# testar/dar positivo para (o) COVID-19



## Dymn

Olá a todos e força pelos dias que vêm,

_Fulano (deu / testou) positivo (para / para o) COVID-19._

Estou a ler as quatro combinações, há alguma que vos soe mal? Posso acrescentar alguma mais?

Muito obrigado


----------



## Carfer

Apenas  a versão sem artigo antes de COVID é menos comum, sem que se possa dizer propriamente que soa mal. Em rigor deveria ser *a* COVID, visto que se trata da doença provocada pelo virus, mas parece que o masculino já se impôs.


----------



## Tony100000

Usar o feminino é irrelevante, na minha opinião. O sarampo também é uma doença e é masculino.
O único erro que vejo por aí é que muitas pessoas pensam que o Covid-19 é o nome do vírus.
Em relação ao artigo, estou no mesmo barco que o Carfer.


----------



## Carfer

Também não acho que seja importante, acho até que é a mais irrelevante das questões a propósito deste vírus, mas o "D" do acrónimo corresponde a '_disease_', cuja tradução mais frequente é '_doença_'. O único sinónimo masculino de doença que me ocorre é '_mal_', raramente usado, pelo que, efectivamente, só a confusão com o vírus pode explicar o masculino. Não é importante, mas não deixa de ser confusão.


----------



## englishmania

Já ouvi jornalistas dizerem "a COVID" ou "o COVID".  Ainda agora a ministra da saúde disse "parar o covid 19". O masculino parece mais generalizado porque começamos por dizer "o coronavírus" e depois passamos para "o covid", mas são coisas distintas.

É tudo muito recente... encontram-se todos os exemplos possíveis:
_Homem de 64 anos deu positivo a Covid-19.
O primeiro exame do presidente brasileiro ao Covid-19 deu positivo. 
A epidemia de Covid-19 ... 
teste de Bolsonaro para a Covid-19 deu positivo 
teste do COVID-19 deu positivo _



> '2. A OMS anunciou em 11/02/2020 que a doença passaria a ser designada pelo acrónimo COVID-19, que representa a expressão inglesa «coronavirus disease». Este acrónimo é formado pelos elementos truncados CO- e -VI-, sílabas extraídas do inglês coronavirus, a que se junta a inicial D do vocábulo também inglês disease («doença»).
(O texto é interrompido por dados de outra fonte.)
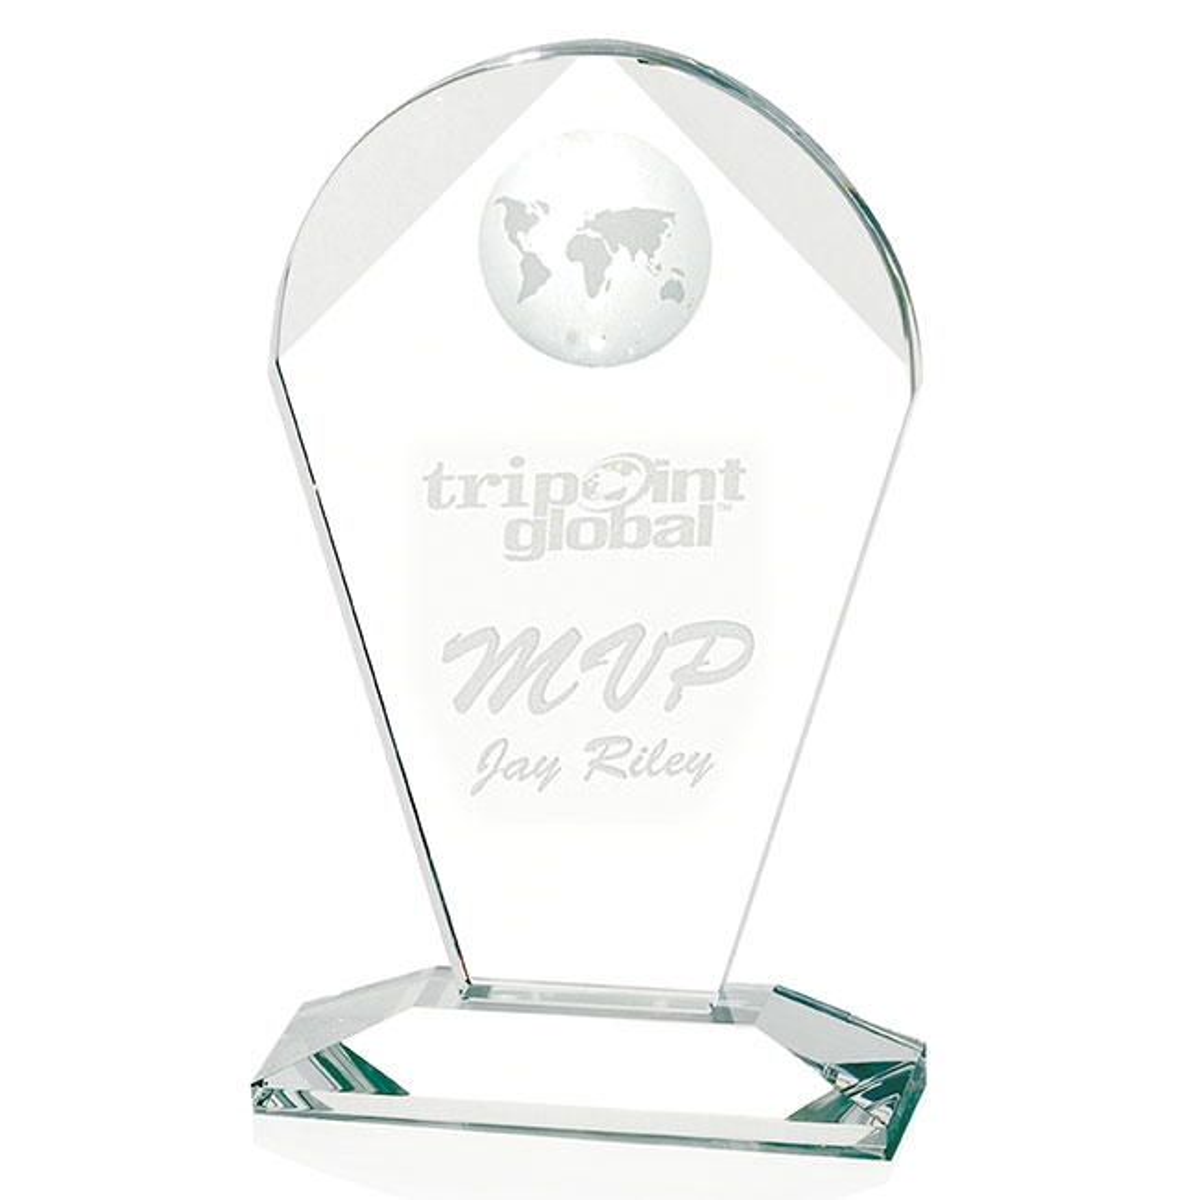 Jaffa Geodesic Large Award - Deep Etch Imprint, #35074
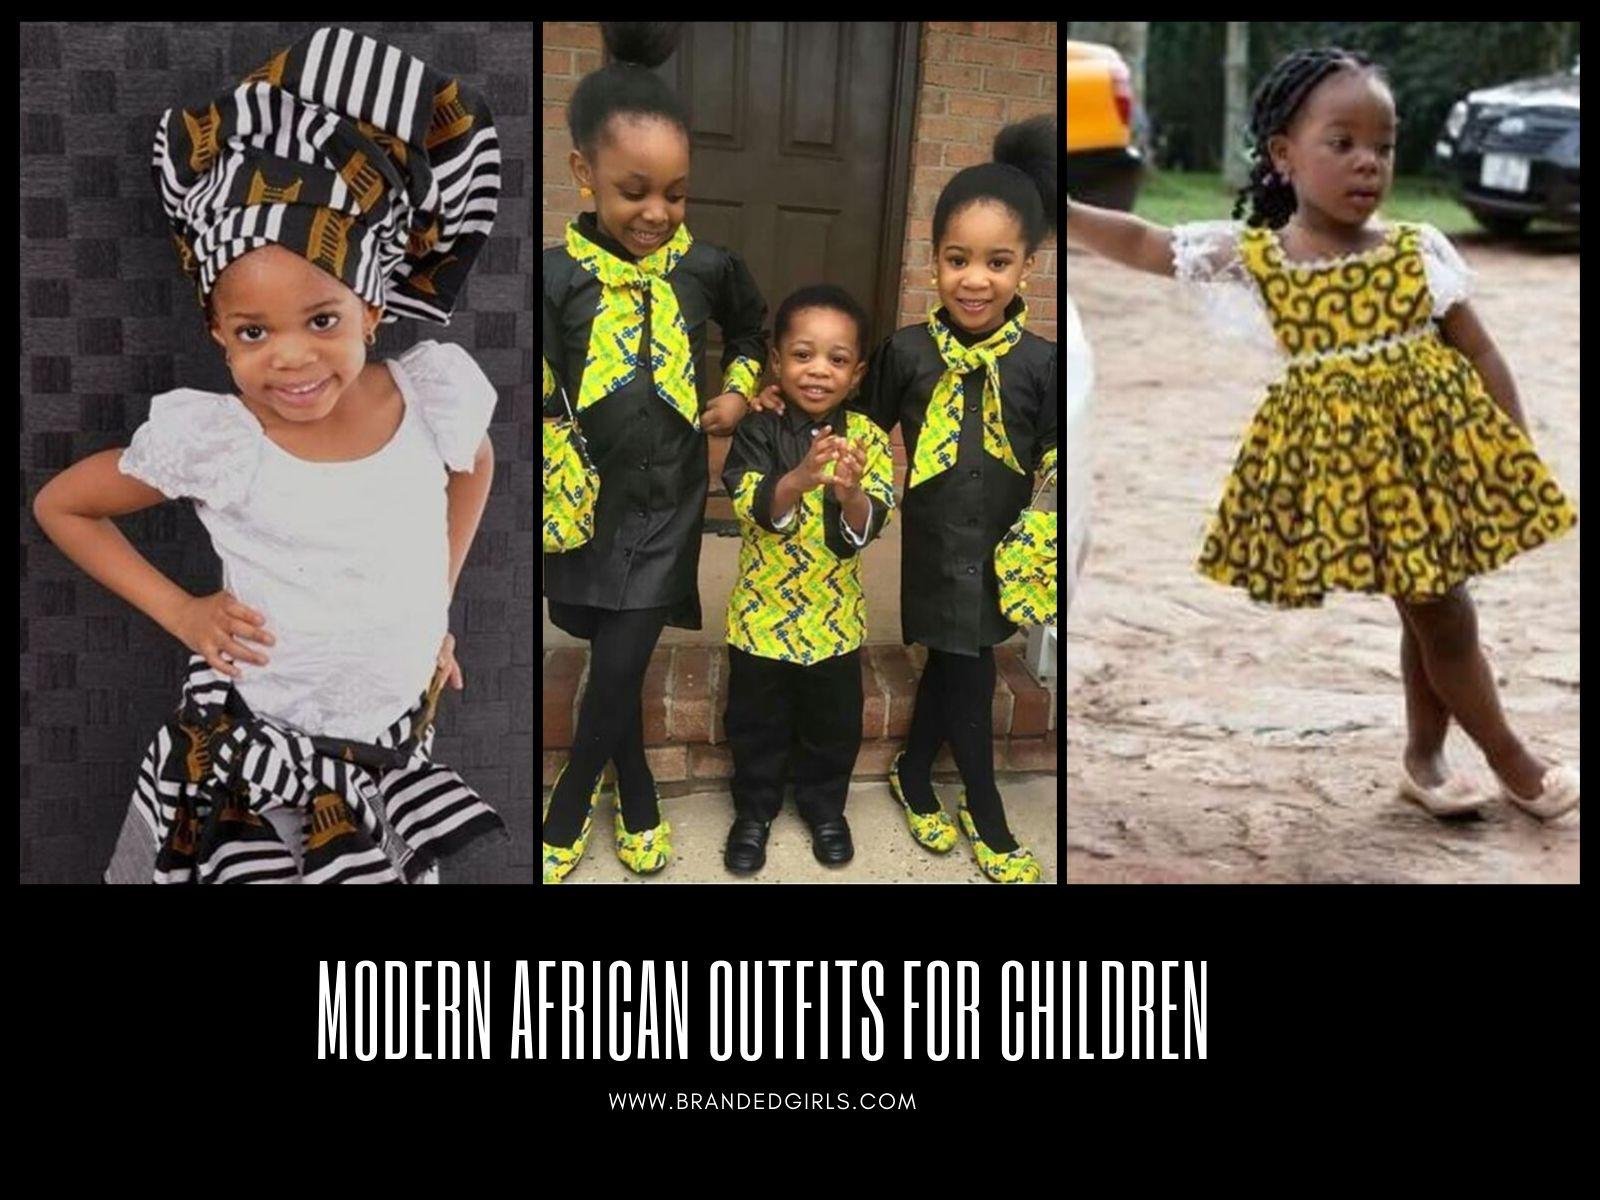 Modern-African-Outfits-for-Children 20 Modern African Outfits for Children - African Dress for Kids

O algarismo final, separado por um hífen, indica o ano em que o vírus foi identificado.
> 
> há ainda em Portugal, mesmo em documentos disponíveis em linha, certas oscilações no uso, [...] por exemplo, numa das páginas Direção-Geral de Saúde; consultada em 10/03/2020), lê-se a sequência «O novo coronavírus, intitulado COVID-19...», indicativa de alguma confusão entre a doença e o coronavírus. [...]
> 
> 'Acrescente-se que as recomendações da Fundéu BBVA sobre o uso mediático do espanhol à volta desta crise podem ser úteis e facilmente transpostas para o português. Entre elas, destaca-se a da *maior adequação semântica da atribuição do género feminino à forma COVID-19* (trata-se de uma doença): «a COVID-19»; outra recomendação aproveitável é a de legitimarem-se formas analíticas como «*doença do coronavírus*» ou «pneumonia do coronavírus», em alternativa ao termo COVID-19.



in Ciberdúvidas da Língua Portuguesa, COVID-19 ou doença do coronavírus - Ciberdúvidas da Língua Portuguesa [consultado em 15-03-2020]


----------



## Tony100000

Pelo que vejo agora, a Infopédia trata o nome como feminino. 
covid-19 | Definição ou significado de covid-19 no Dicionário Infopédia da Língua Portuguesa


----------



## pfaa09

Covid é o nome do vírus e 19 é o ano em que foi identificado.
Se é vírus, então é masculino.
Quanto à frase com opções que foi apresentada: _Fulano (deu / testou) positivo (para / para o) COVID-19._
Testar positivo não existe em português. Há que reformular a construção e dizer:
O teste a fulano deu positivo para (o) COVID-19.
O artigo antes da designação do vírus é facultativo.

Nota: O que deu positivo foi o teste e não o fulano.


----------



## englishmania

pfaa09 said:


> Covid é o nome do vírus e 19 é o ano em que foi identificado.
> Se é vírus, então é masculino.



Pfaa09, como já dissemos, COVID é a doença. Pode ver isso, por exemplo, na citação que coloquei, no comentário do Carfer, ou mesmo no último do Tony.


----------



## pfaa09

englishmania said:


> Pfaa09, como já dissemos, COVID é a doença. Pode ver isso, por exemplo, na citação que coloquei, no comentário do Carfer, ou mesmo no último do Tony.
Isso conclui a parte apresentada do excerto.